High-throughput sequencing (HTS) allows for in-depth metagenome research and can address the entire bacterial communities in any ecosystem. It has been successfully applied to monitor bacteria communities and their metabolic potentials in diverse environments (Panda et al. 2015; De Mandal et al. 2017). Deep amplicon sequencing of 16S rRNA has been used to detect rare species (Welch and Huse 2011). An analysis of the contaminated environmental metagenome may be useful for assessing pathogenic strains present in the environment. Sequencing of such metagenomes would also lead to the discovery of novel bacterial taxa, virulence genes, and other mobile genetic elements.

Mizoram, a state in Northeast India, is known as a “biodiversity hotspot” and has a unique ecology and geography with mountainous landscape. The Mizo-tribal community has a municipal waste management system, but due to the hilly terrain, the wastes are often mixed with streams and rivers. Discharges from hospitals, dumping sites, and domestic waste cause significant water pollution, which leads to an increase in infectious diseases to the local population and animals. To date, no studies have been conducted to evaluate the bacterial populations present in these contaminated sites. Therefore, it is important to determine the dominant bacterial communities, their diversity, and distribution in these environments.

In the present study, we examined the bacterial community structure and diversity using paired-end Illumina sequencing of V3–V4 regions of 16S rRNA in the domestic and hospital wastes in polluted soil (dumping land) and sediment (river) of Mizoram, North East India. The aim of this study was to analyze the bacterial communities and their imputed metabolic potentials in the contaminated sites. Questions of interest include:

  1. 1.

    What are the bacterial communities and potential human bacterial putative pathogens occurring in contaminated sites?

  2. 2.

    What are the functional roles, especially the antibiotic resistance and xenobiotic degrading genes prevailing in these environments?

Materials and methods

Site selection and soil sampling

Soil and sediment samples were collected from three rivers and one dumping site contaminated by hospital and domestic waste in the Aizawl city of Northeast India. Aizawl city is the state capital of Mizoram, Northeast India, located at an average altitude of about 1132 miles. The population according to the 2011 census was 293,416. Based on the data on the drainage system and sewage management of the Public Health Department and Aizawl Municipal Council, four sampling sites were selected where maximum pollution could occur. Chite river site (CHR) is contaminated by discharges from Hospital 1, Hospital 2, Hospital 3 and Hospital 4. Turial river site (TUR) is largely polluted by Hospital 5 and Hospital 6. Tuikual river site (TUKR) is contaminated by the discharges from the Hospital 7 , and most of the solid wastes from the Aizawl city are disposed at the solid waste dumping site (SWD) (Figs. 1 and 2). Soils and sediments (about 50 g) were sampled from three contaminated rivers and one dumping site from 0 to 10 cm depth. Ten replicate samples were collected at different locations for four individual sites and mixed uniformly to make a composite sample. All the collected samples were transferred to ethanol-disinfected core tubes inside the ice box and transferred into the laboratory, and kept at – 80 °C until processed.

Fig. 1
figure 1

Geographical location of sampling sites: Tuikual river site (TUKR), Chite river site (CHR), Turial river site (TUR), and solid waste dumping site (SWD).

Fig. 2
figure 2

Schematic representation of major households effluent and domestic waste flow. a Eastern site of Aizawl City. b Western site of Aizawl City (Public Health Dept., Govt of Mizoram, 2017).

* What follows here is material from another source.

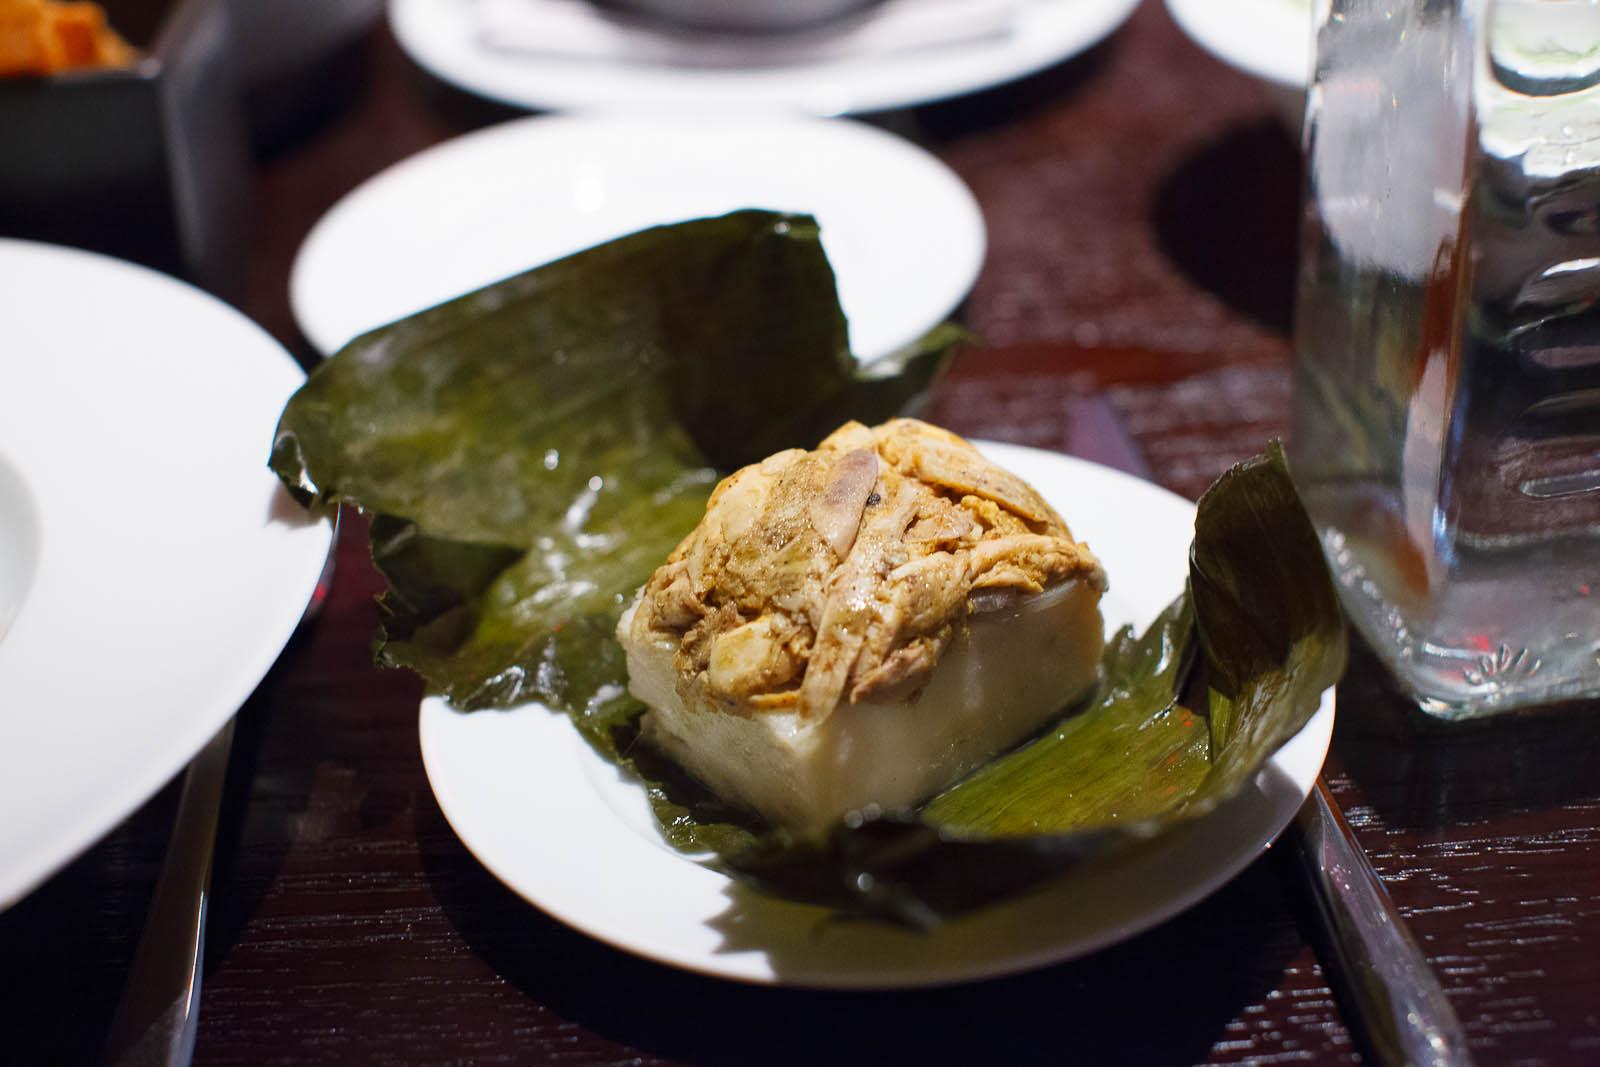 Tamal Colado (Yucatan style strained tamal, chicken, achiote) op
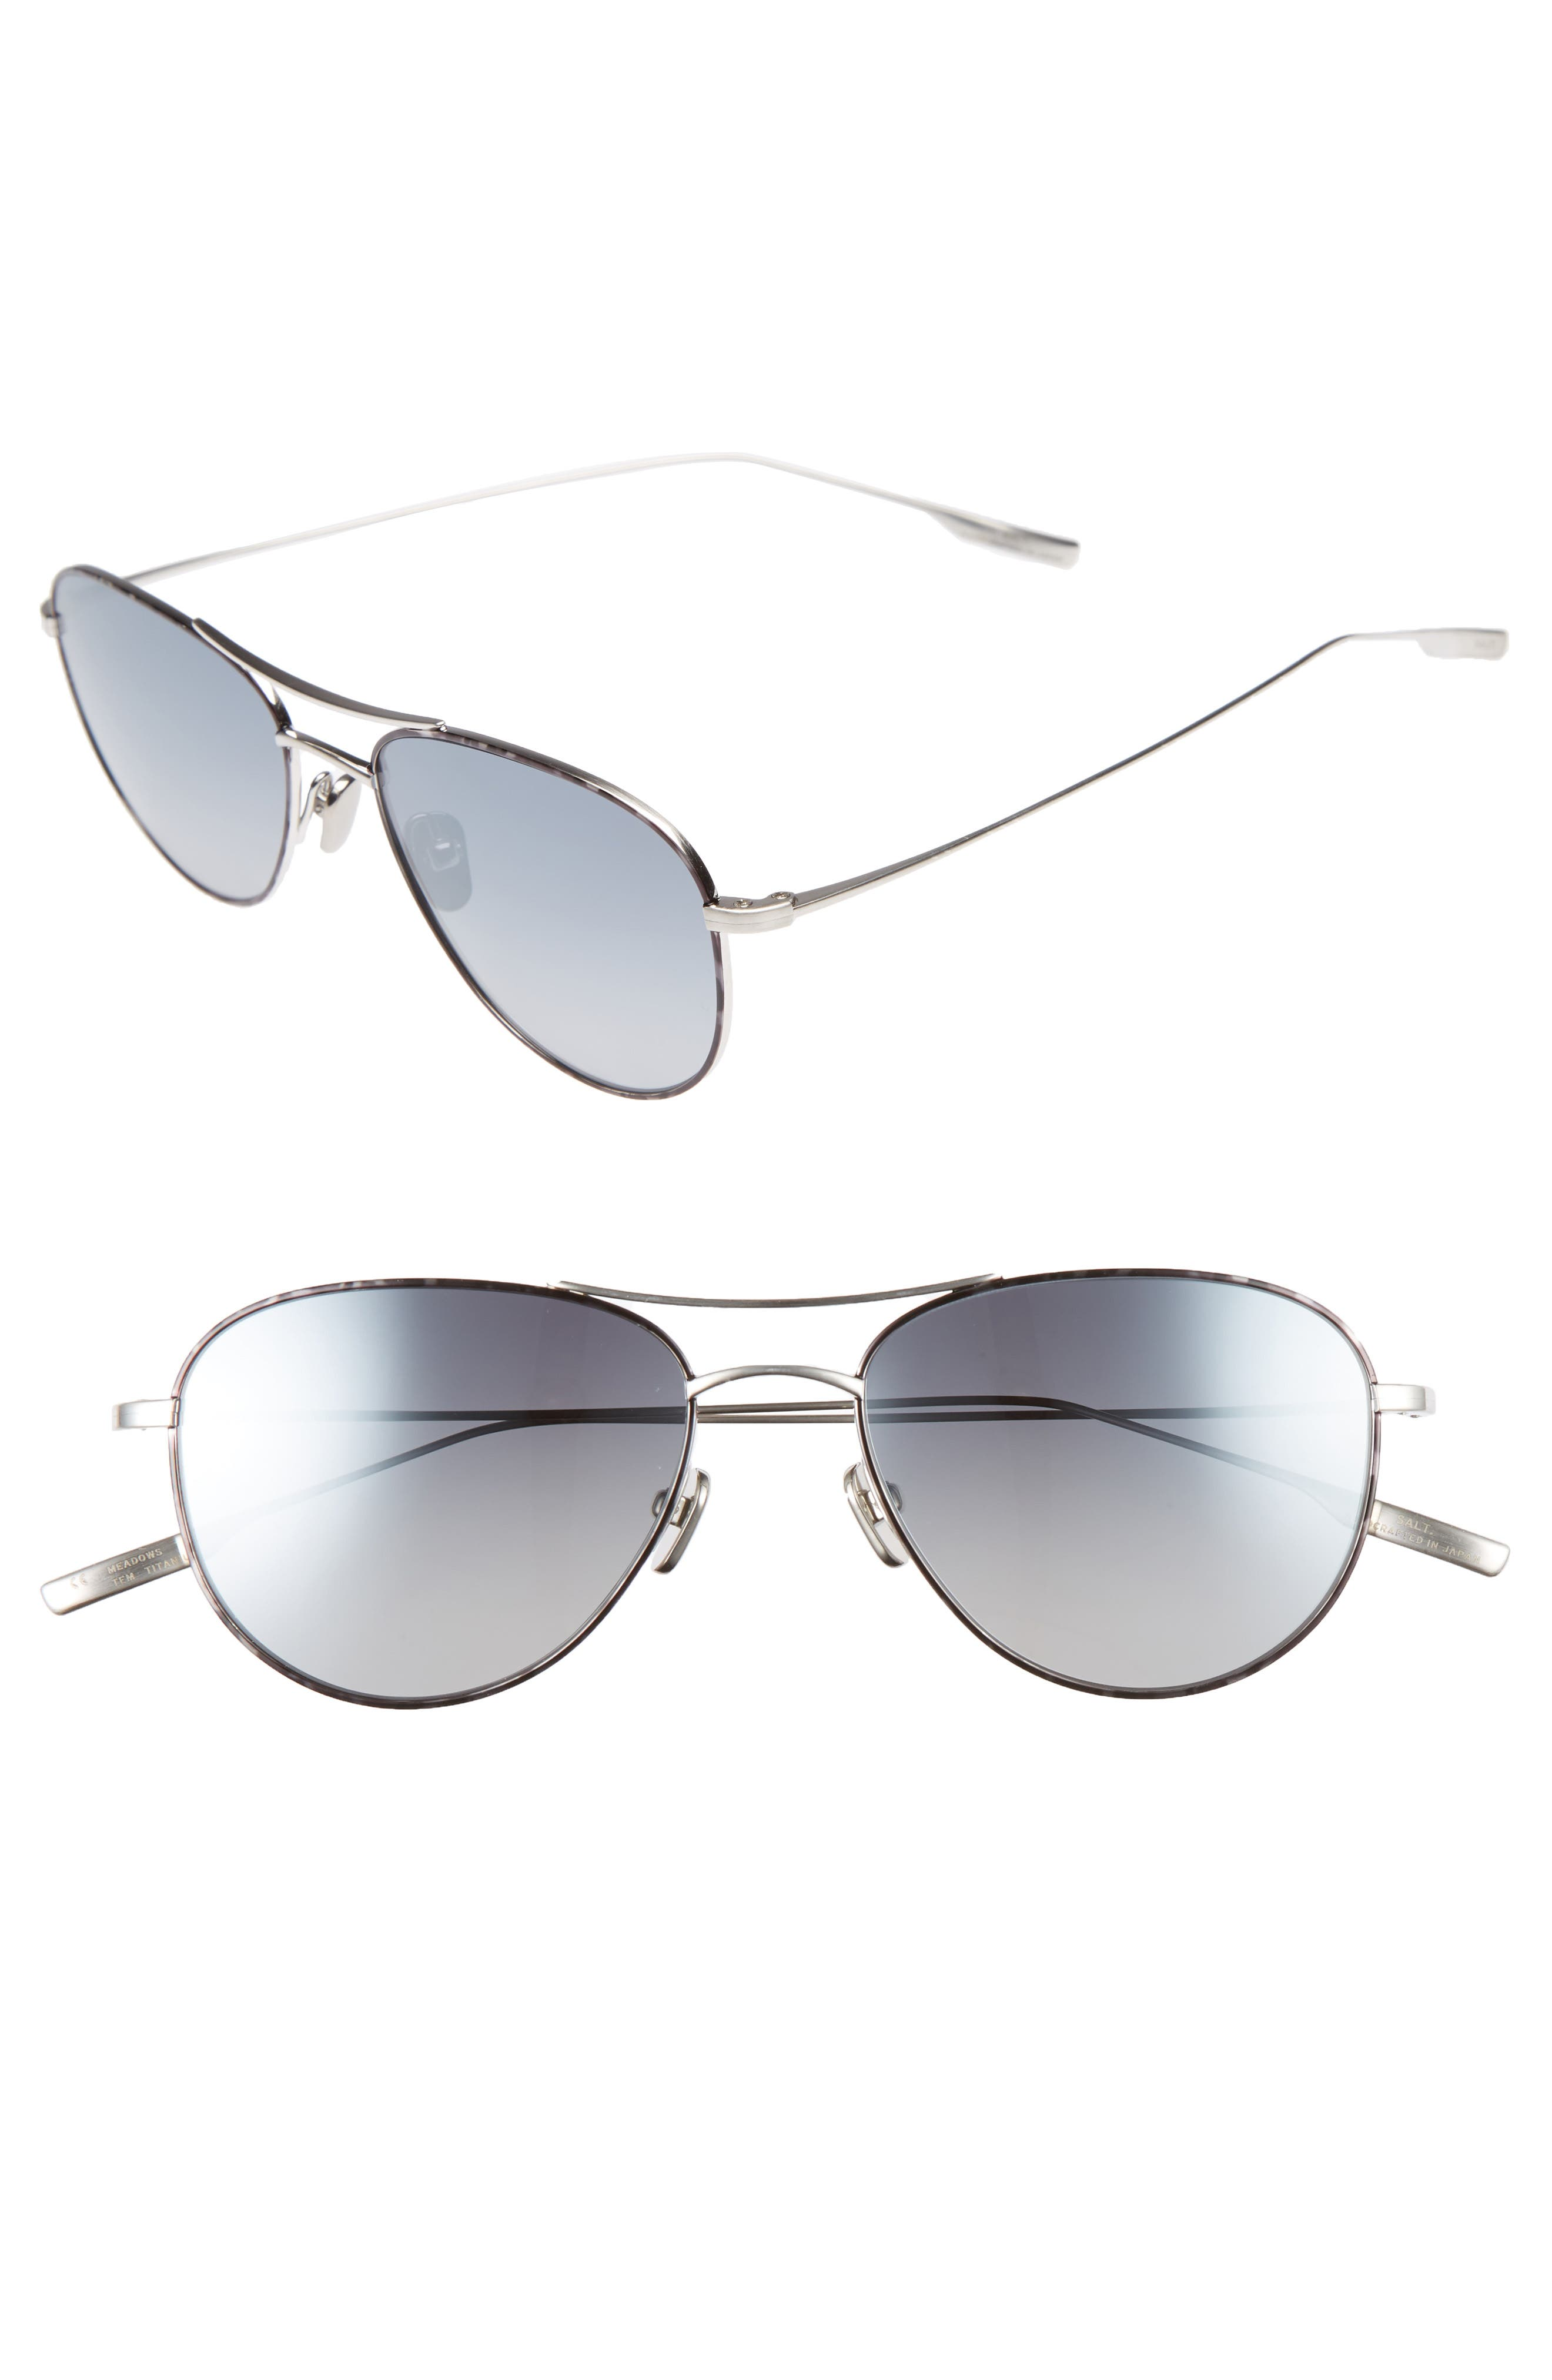 Alternate Image 1 Selected - SALT 'Meadows' 54mm Polarized Aviator Sunglasses

DNA isolation and Illumina sequencing

Bacterial DNA was isolated from approximately 500 mg of soil and sediment samples using the Fast DNA spin kit (MP Biomedical, Solon, OH, USA) according to the manufacturer’s protocol. The DNA concentration was quantified using a microplate reader (Spectra Max 2E, Molecular Devices, CA, USA). Each sequenced sample was prepared according to the Illumina 16S Metagenomic Sequencing Library protocols. The quantification of DNA and the DNA quality was measured by Pico Green and Nanodrop. Amplification was performed using the forward primer 341F (TCGTCGGCAGCGTCAGATGTGTATAAGAGACAG) with locus-specific V3 sequence (CCTACGGGNGGCWGCAG) and reverse primer 805R (GTCTCGTGGGCTCGGAGATGTGTATAAGAGACAG) with locus-specific V4 sequence (GACTACHVGGGTATCTAATCC) (Klindworth et al. 2013). Genomic DNA (2 ng) was amplified using 5 pmol forward-tailed target-specific primer, 5 pmol reverse-tailed target-specific primer, and Herculase II polymerase (Agilent). PCR was carried out in triplicate for each variable region in a 25-μl reaction as follows: 95 °C for 3 min, followed by 25 cycles of 95 °C for 30 s, 55 °C for 30 s, and 72 °C for 30 s, and a final elongation step at 72 °C for 5 min. The amplicon libraries were removed of excess nucleotides, salts, and enzymes using 20 μl of Agencourt AMPure XP system (Beckman Coulter Genomics) and eluted in 25 μl TE buffer. Ten microliters of this first step reaction was subjected to a second amplification step following Nextera XT Index Primer (N7xx), Nextera XT Index Primer (S5xx), and Herculase II polymerase (Agilent). PCR for each variable region was carried out in triplicate in a 25-μl reaction as follows: 95 °C for 3 min, followed by 10 cycles of 95 °C for 30 s, 55 °C for 30 s and 72 °C for 30 s, and a final elongation step at 72 °C for 5 min. The amplicon libraries were cleaned to avoid excess nucleotides, salts, and enzymes using 20 μl of the Agencourt AMPure XP system (Beckman Coulter Genomics) and eluted in 25 μl of TE buffer. The final purified product was quantified using qPCR (KAPA Library Quantification kits for Illumina Sequencing platforms) and qualified using the TapeStation DNA screentape D1000 (Agilent). Paired-end Illumina sequencing of the V3–V4 hypervariable region of the 16S rRNA gene was performed (Macrogen Inc., Korea), and raw reads were deposited into the NCBI (SRA accession number SRR7079871–SRR7079874).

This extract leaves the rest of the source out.